Image-based multiplex immune profiling of cancer tissues: translational implications. A report of the International Immuno-oncology Biomarker Working Group on Breast Cancer

Chowdhury Arif Jahangir et al. J Pathol. 2024 Mar.

Abstract

Recent advances in the field of immuno-oncology have brought transformative changes in the management of cancer patients. The immune profile of tumours has been found to have key value in predicting disease prognosis and treatment response in various cancers. Multiplex immunohistochemistry and immunofluorescence have emerged as potent tools for the simultaneous detection of multiple protein biomarkers in a single tissue section, thereby expanding opportunities for molecular and immune profiling while preserving tissue samples. By establishing the phenotype of individual tumour cells when distributed within a mixed cell population, the identification of clinically relevant biomarkers with high-throughput multiplex immunophenotyping of tumour samples has great potential to guide appropriate treatment choices. Moreover, the emergence of novel multi-marker imaging approaches can now provide unprecedented insights into the tumour microenvironment, including the potential interplay between various cell types.

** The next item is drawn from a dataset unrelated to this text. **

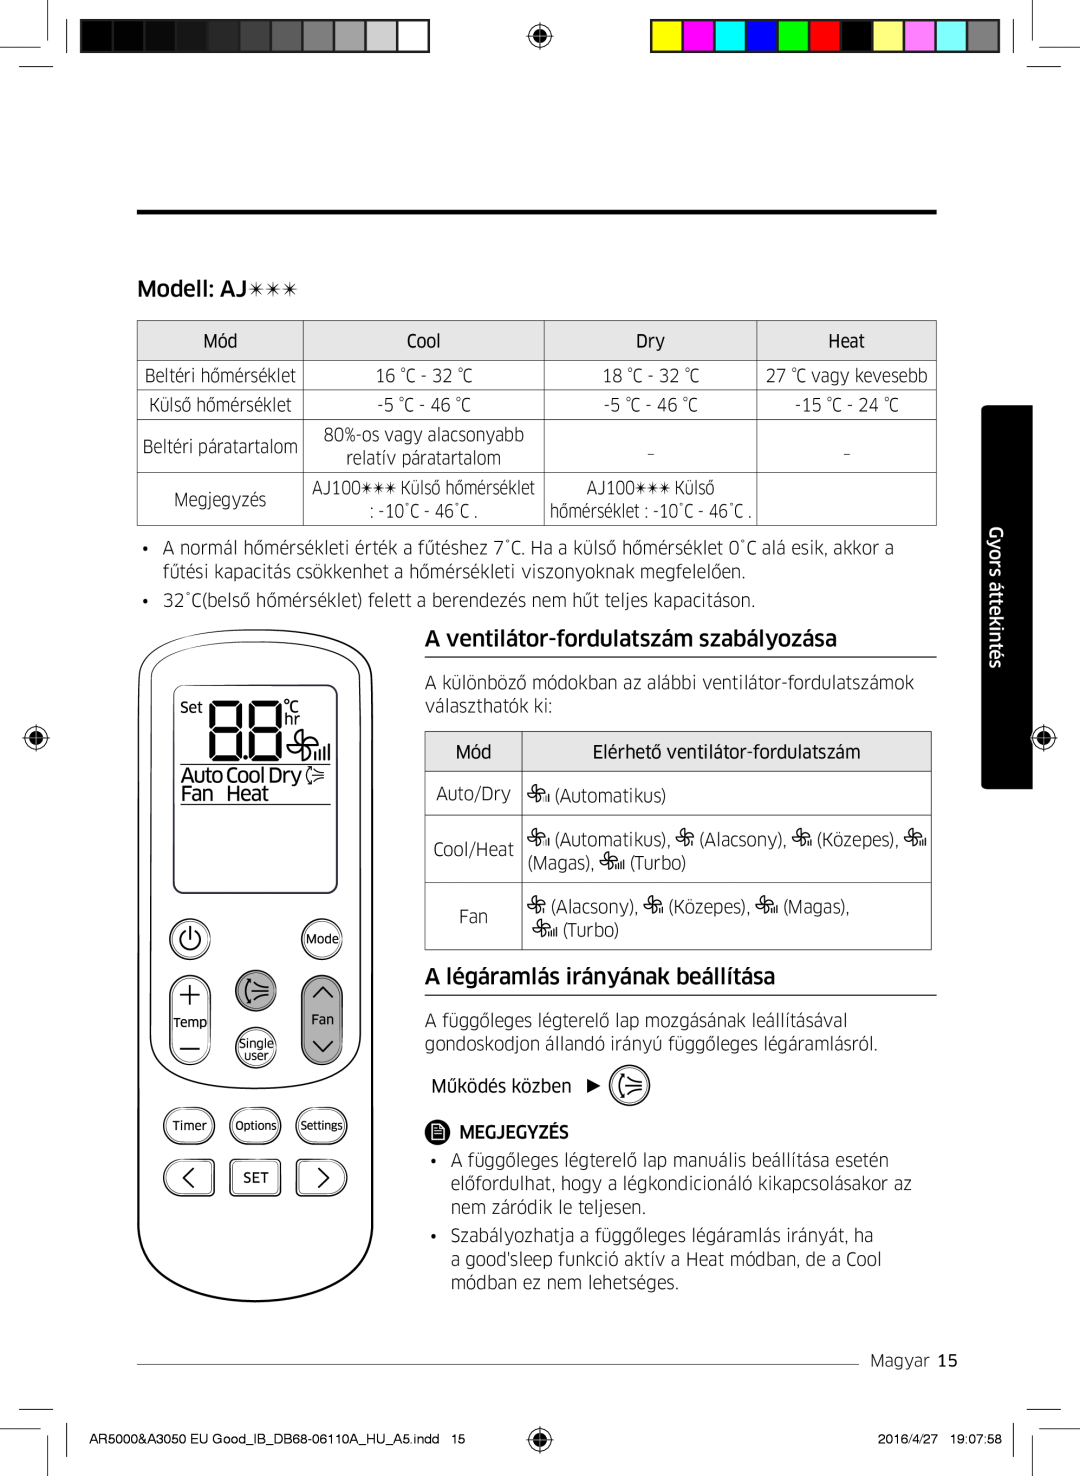 Samsung AR18JSFSBURNEU manual Modell AJ, A ventilátor-fordulatszám szabályozása, A légáramlás irányának beállítása 
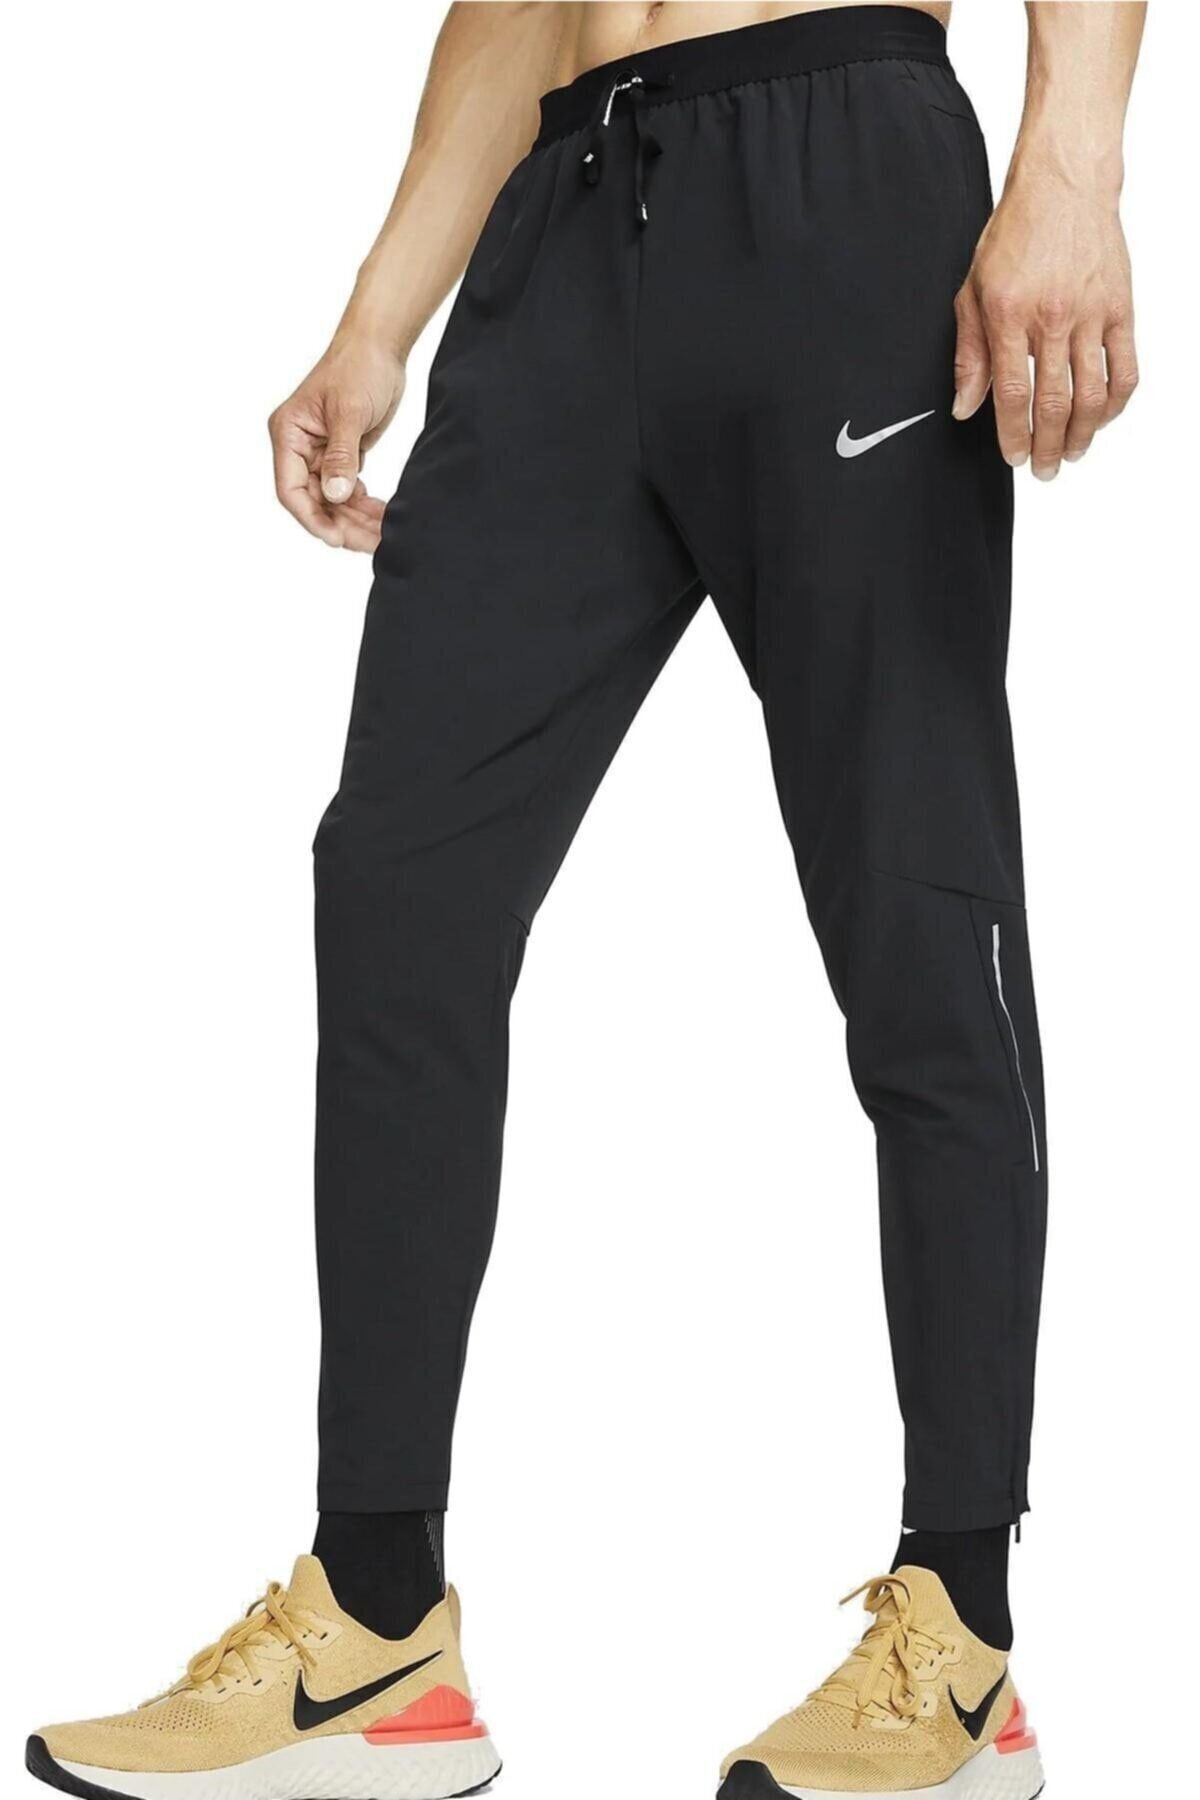 Nike Phenom Elite Men's Knit Running Pants Size 3XL Black CU5504-010 | Running  pants, Men's knit, Pants

However, there are significant challenges to widespread integration of these technologies in daily research and clinical practice. This review addresses the challenges and potential solutions within a structured framework of action from a regulatory and clinical trial perspective. New developments within the field of immunophenotyping using multiplexed tissue imaging platforms and associated digital pathology are also described, with a specific focus on translational implications across different subtypes of cancer. © 2024 The Authors. The Journal of Pathology published by John Wiley & Sons Ltd on behalf of The Pathological Society of Great Britain and Ireland.

Keywords: cancer prognosis; clinical integration; digital image analysis; multiplex imaging; multiplex immunofluorescence; multiplex immunohistochemistry; therapy response; tumour immune profiling; tumour infiltrating lymphocytes.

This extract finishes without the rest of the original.